▸ **Problem statement**
Write out the line with "Nike Downshifter 8 Toddler Boys' Sneakers" and each line after it to the end of the material, exactly as they appear and with nothing else.

▸ **Dataset excerpts**
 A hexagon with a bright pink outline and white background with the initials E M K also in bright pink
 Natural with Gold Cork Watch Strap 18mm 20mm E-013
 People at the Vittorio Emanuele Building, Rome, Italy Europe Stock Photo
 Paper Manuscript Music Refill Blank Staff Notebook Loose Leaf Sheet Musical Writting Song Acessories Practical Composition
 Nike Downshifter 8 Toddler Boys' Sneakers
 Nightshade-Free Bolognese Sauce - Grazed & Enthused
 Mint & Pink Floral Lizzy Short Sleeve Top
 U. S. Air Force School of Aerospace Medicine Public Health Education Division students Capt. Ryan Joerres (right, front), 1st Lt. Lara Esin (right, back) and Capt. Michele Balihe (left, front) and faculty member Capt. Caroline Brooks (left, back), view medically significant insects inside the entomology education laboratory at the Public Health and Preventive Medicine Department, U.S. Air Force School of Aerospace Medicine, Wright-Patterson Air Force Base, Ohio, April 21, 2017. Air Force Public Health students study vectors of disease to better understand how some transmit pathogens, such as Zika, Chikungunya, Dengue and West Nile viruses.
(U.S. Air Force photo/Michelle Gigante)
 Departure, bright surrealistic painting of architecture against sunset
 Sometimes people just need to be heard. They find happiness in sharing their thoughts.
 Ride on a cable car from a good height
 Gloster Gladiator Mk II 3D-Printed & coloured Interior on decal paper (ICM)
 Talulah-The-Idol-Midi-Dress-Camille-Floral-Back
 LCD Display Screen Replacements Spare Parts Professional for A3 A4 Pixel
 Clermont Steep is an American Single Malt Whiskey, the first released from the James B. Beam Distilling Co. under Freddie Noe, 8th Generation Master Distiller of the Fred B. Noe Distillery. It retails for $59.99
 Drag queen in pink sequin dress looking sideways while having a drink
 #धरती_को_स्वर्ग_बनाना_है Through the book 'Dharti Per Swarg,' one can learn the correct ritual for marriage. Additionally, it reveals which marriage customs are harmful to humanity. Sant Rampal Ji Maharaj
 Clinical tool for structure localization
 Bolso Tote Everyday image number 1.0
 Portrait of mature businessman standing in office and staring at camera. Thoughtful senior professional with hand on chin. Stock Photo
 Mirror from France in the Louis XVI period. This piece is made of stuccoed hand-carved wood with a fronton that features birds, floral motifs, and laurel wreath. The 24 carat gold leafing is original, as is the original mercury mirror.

▸ **Output of the task**
 Nike Downshifter 8 Toddler Boys' Sneakers
 Nightshade-Free Bolognese Sauce - Grazed & Enthused
 Mint & Pink Floral Lizzy Short Sleeve Top
 U. S. Air Force School of Aerospace Medicine Public Health Education Division students Capt. Ryan Joerres (right, front), 1st Lt. Lara Esin (right, back) and Capt. Michele Balihe (left, front) and faculty member Capt. Caroline Brooks (left, back), view medically significant insects inside the entomology education laboratory at the Public Health and Preventive Medicine Department, U.S. Air Force School of Aerospace Medicine, Wright-Patterson Air Force Base, Ohio, April 21, 2017. Air Force Public Health students study vectors of disease to better understand how some transmit pathogens, such as Zika, Chikungunya, Dengue and West Nile viruses.
(U.S. Air Force photo/Michelle Gigante)
 Departure, bright surrealistic painting of architecture against sunset
 Sometimes people just need to be heard. They find happiness in sharing their thoughts.
 Ride on a cable car from a good height
 Gloster Gladiator Mk II 3D-Printed & coloured Interior on decal paper (ICM)
 Talulah-The-Idol-Midi-Dress-Camille-Floral-Back
 LCD Display Screen Replacements Spare Parts Professional for A3 A4 Pixel
 Clermont Steep is an American Single Malt Whiskey, the first released from the James B. Beam Distilling Co. under Freddie Noe, 8th Generation Master Distiller of the Fred B. Noe Distillery. It retails for $59.99
 Drag queen in pink sequin dress looking sideways while having a drink
 #धरती_को_स्वर्ग_बनाना_है Through the book 'Dharti Per Swarg,' one can learn the correct ritual for marriage. Additionally, it reveals which marriage customs are harmful to humanity. Sant Rampal Ji Maharaj
 Clinical tool for structure localization
 Bolso Tote Everyday image number 1.0
 Portrait of mature businessman standing in office and staring at camera. Thoughtful senior professional with hand on chin. Stock Photo
 Mirror from France in the Louis XVI period. This piece is made of stuccoed hand-carved wood with a fronton that features birds, floral motifs, and laurel wreath. The 24 carat gold leafing is original, as is the original mercury mirror.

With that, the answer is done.